Here the job is to repeat the listing exactly, but not the pictures in it.

# SOURCE DATA
+--

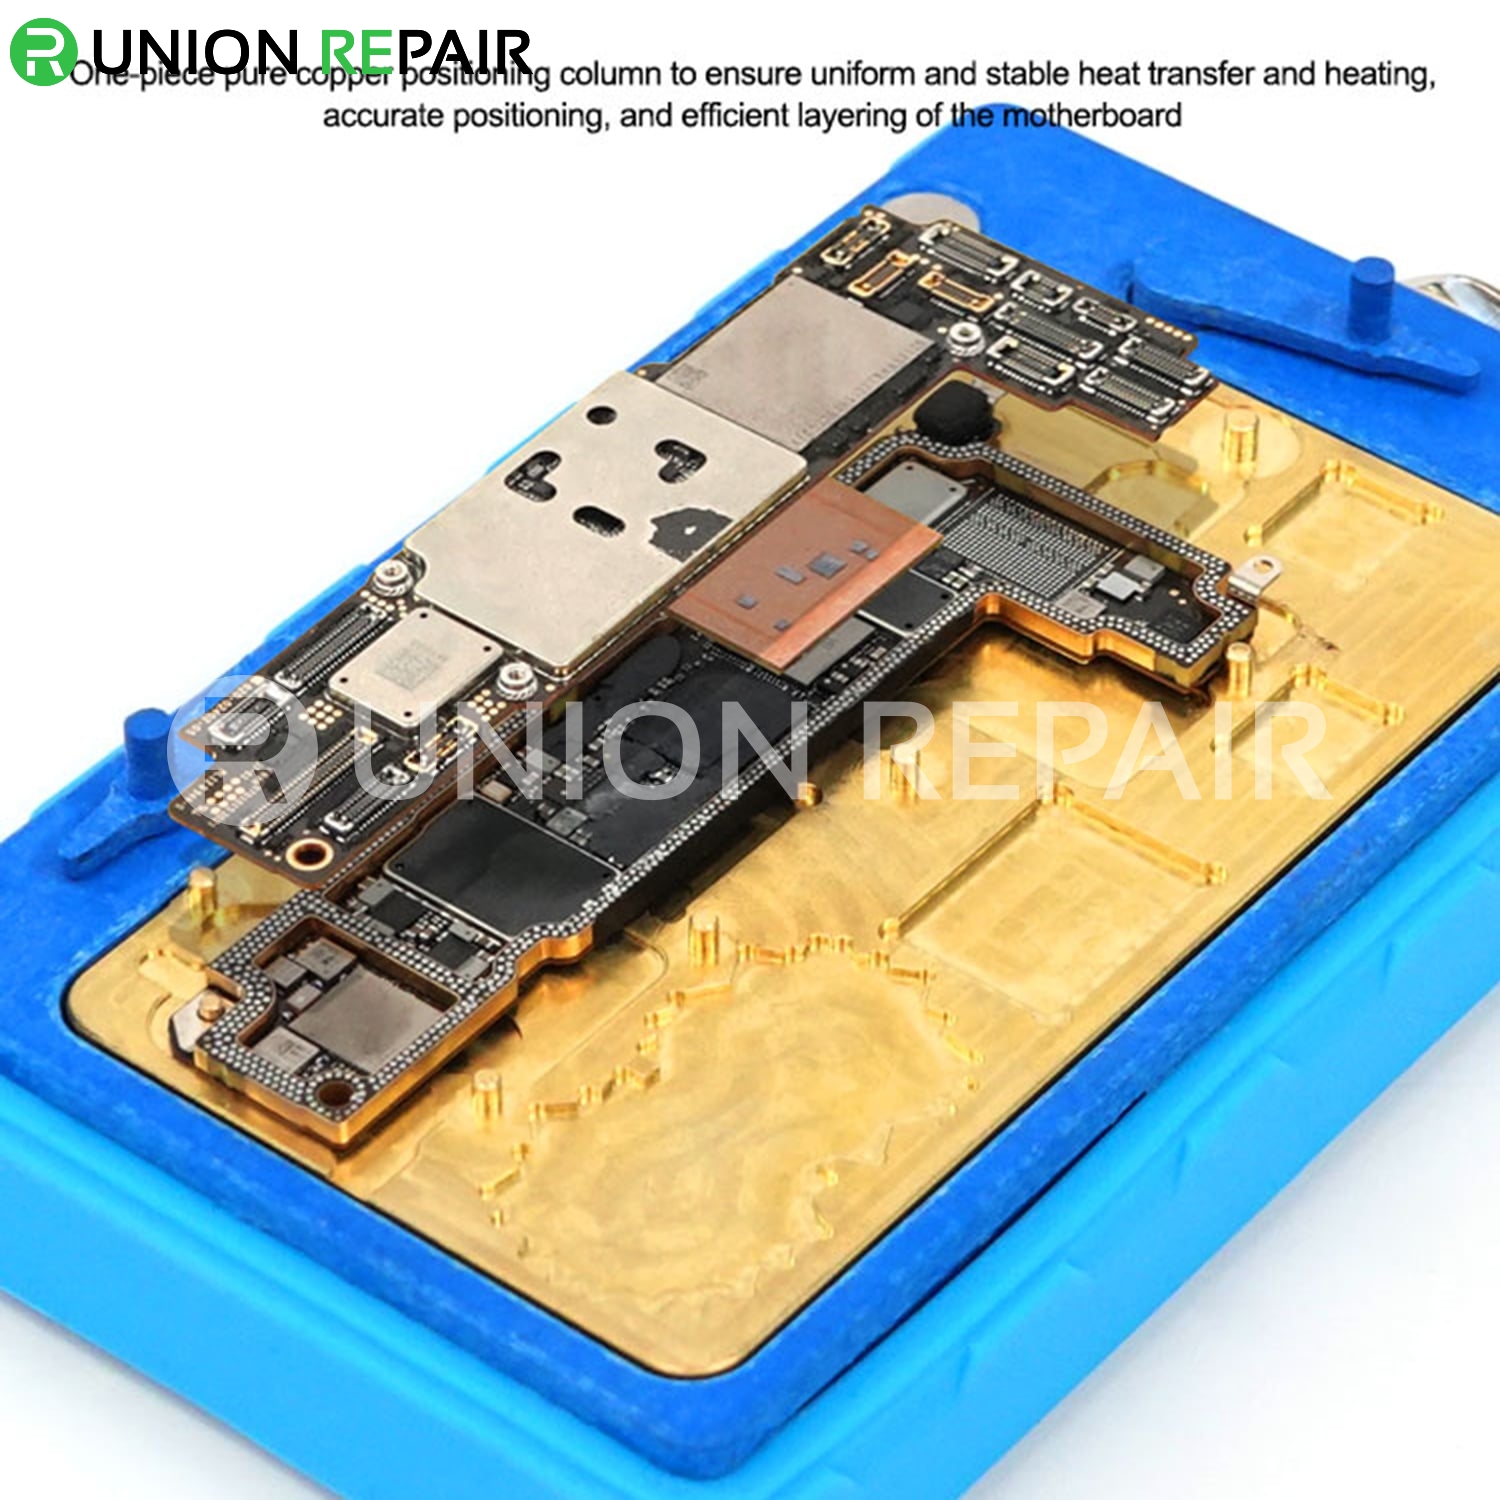 SS-T12A Mainboard Preheater for iPhone X-13ProMax, Condition: T12A-N13
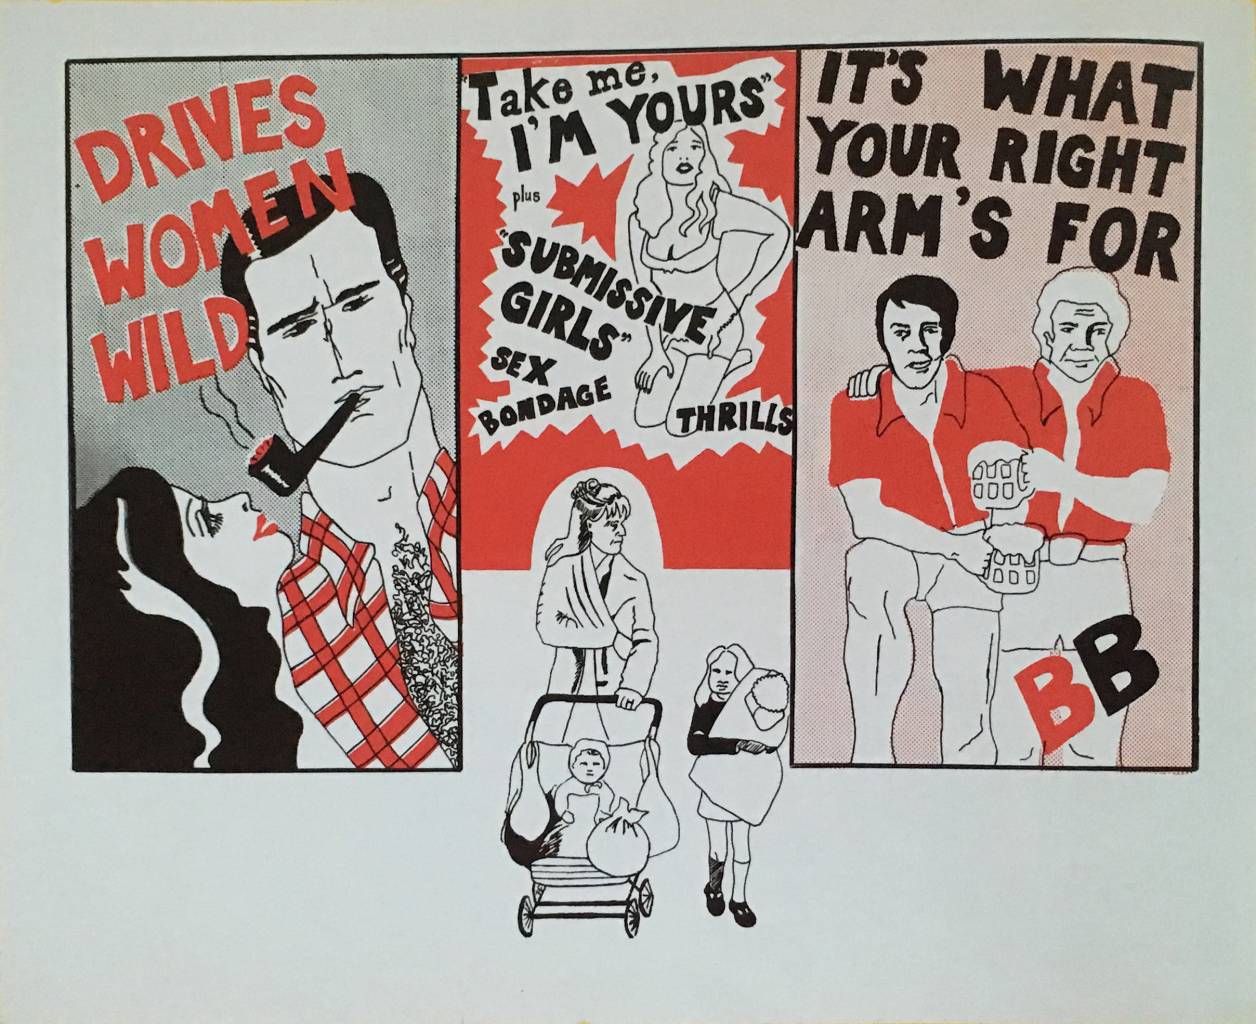 It's What Your Right Arm's For, 1977
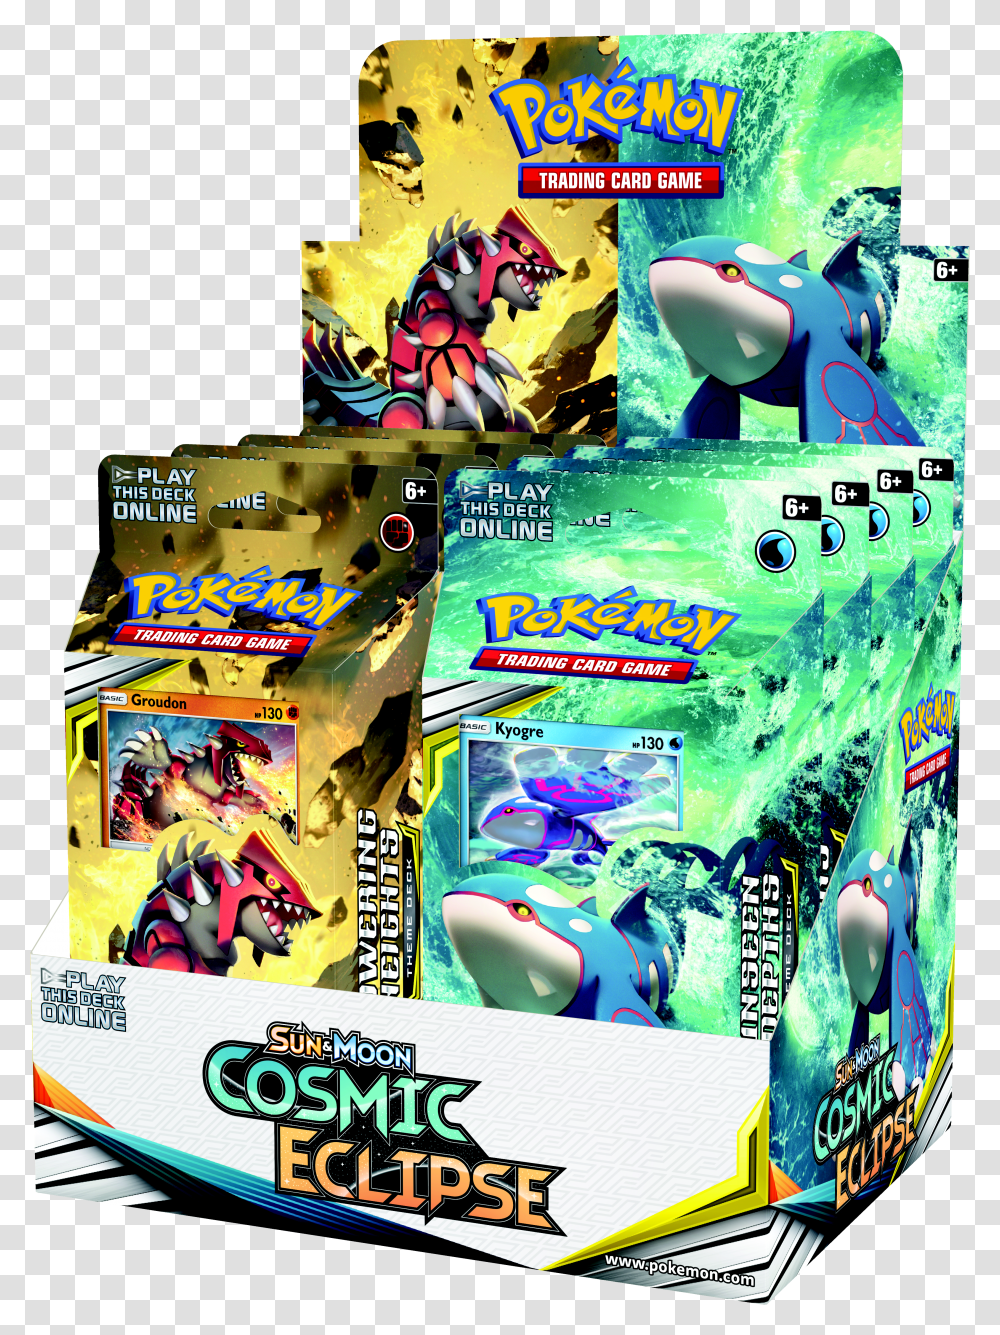 Pokemon Trading Card Game Sun And Moon Cosmic Eclipse Theme Deck Assortment Gamestop Groudon Transparent Png

+--

# THE COMPLETED TASK
 SS-T12A Mainboard Preheater for iPhone X-13ProMax, Condition: T12A-N13
 It's What Your Right Arm's For, 1977
 Pokemon Trading Card Game Sun And Moon Cosmic Eclipse Theme Deck Assortment Gamestop Groudon Transparent Png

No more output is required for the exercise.